The finer model requires around 150GB RAM when the LoS tables are used (i.e. in all modelling steps). Moreover, the new version of input_static
must be downloaded from
Car availability segmentation
This release adds demand segments for car availability to quetzal_germany
. All previous demand segments (i.e. trip purposes) are further differentiated into the availability of at least one car in the household, as travel behaviour varies significantly between these user groups. This differentiation allows more advanced travel behaviour and policy measure analysis. The share of persons with car(s) available is a suitable interface for car ownership models.
All notebooks now take demand segments as defined in the parameters.xls
settings. Results of the mode choice model are as valid as in v1.0.0.
Bugfix: Notebooks don't produce assertion errors when executed from the launcher, unless required for model results.
First release
This release incorporates
- a detailed, realistic network model for the region of Germany based on open data,
- level-of-service attributes time and price for seven different modes,
- 401 traffic zones on NUTS3-level resolution with corresponding socio-demographic data,
- an accurate mode choice model based on MiD2017 B2 data,
- calculation of traffic by mode within traffic zones,
- calculation of emissions for the entire transport system.
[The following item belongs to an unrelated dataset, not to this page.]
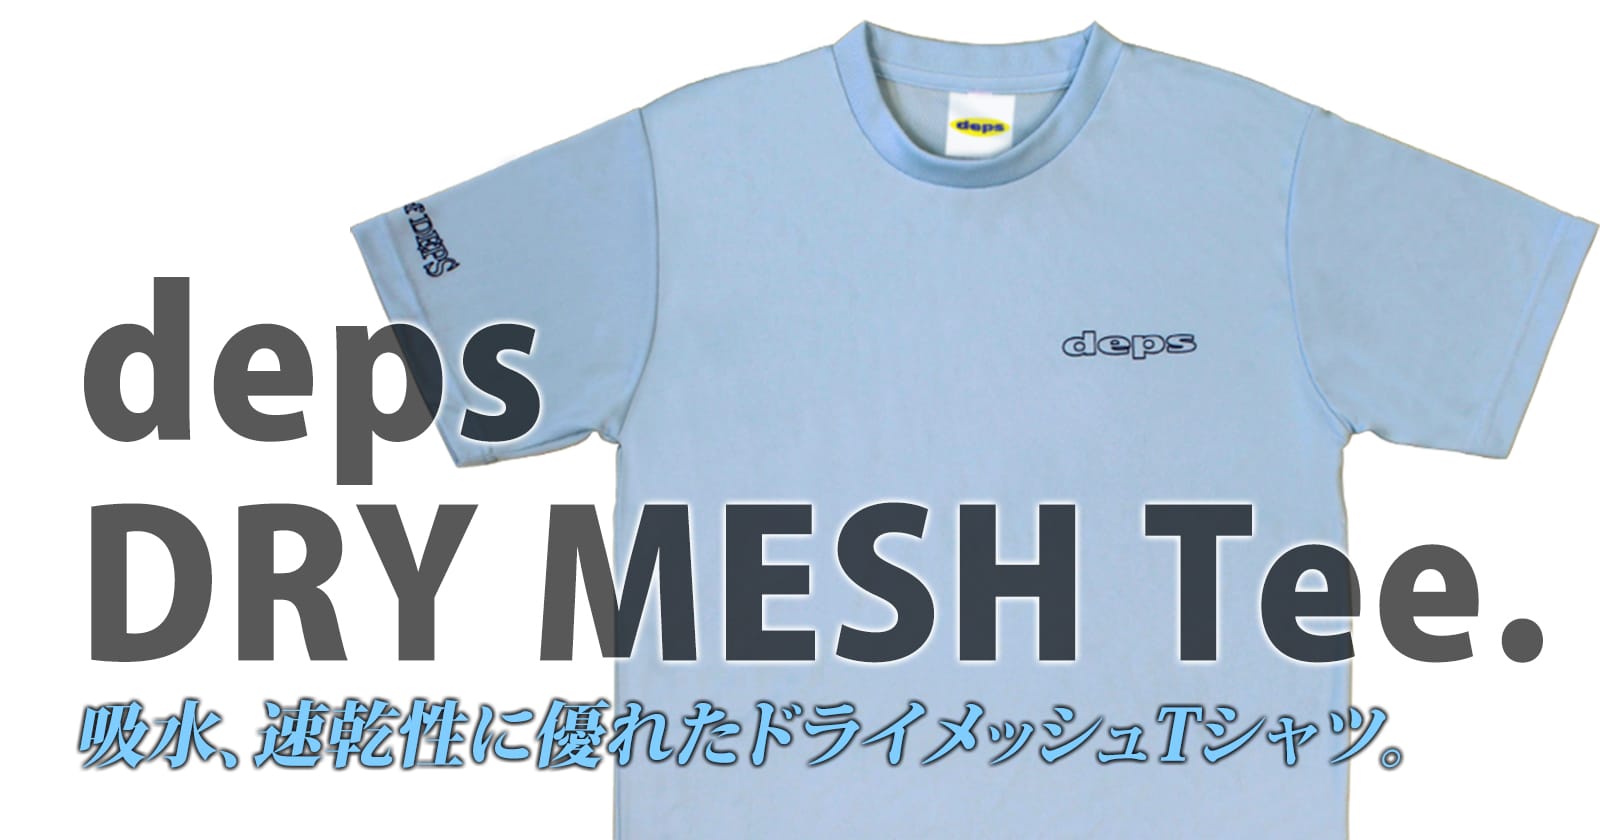 1350円 魅力的な価格 デプス ハーフメッシュTシャツ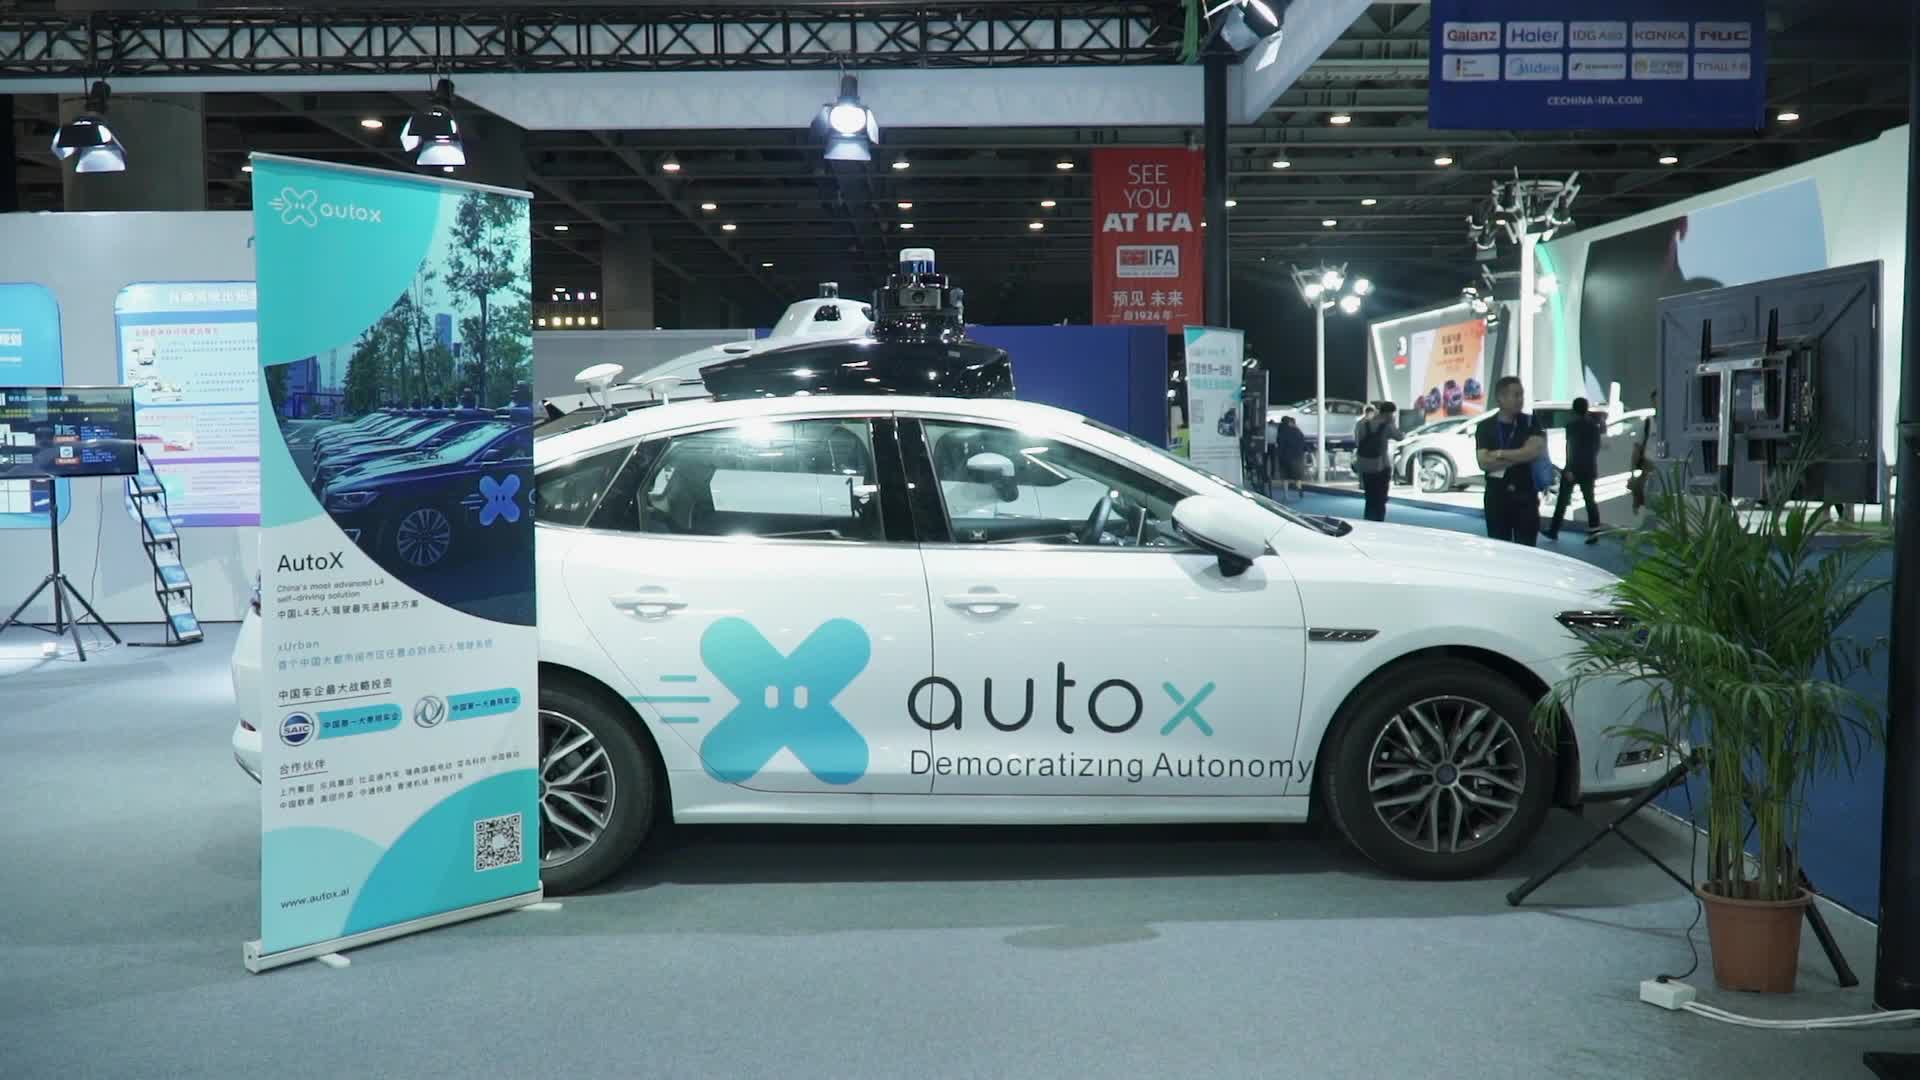 Автономная служба вызова такси RoboTaxi теперь доступна в AutoX в Шанхае

Compared to official statistics, quetzal_germany yields valid results for mode choice between traffic zones (except lower estimations for air traffic). It does not yet include endogenous simulation of trip volumes (currently coming from the "Verkehrsverflechtungsprognose 2030"), which produces inconsistencies in the distance distribution of trips. Resulting pkm show an over-estimation of car travel and an under-estimation of long-distance rail travel within reasonable bounds. Results can be used for any susequent calculations, which do not explicitly focus on air traffic. Find them attached for pkm in the trip's origin zone on NUTS3-level and on NUTS1-level with additional information for emissions, travel time, and prices.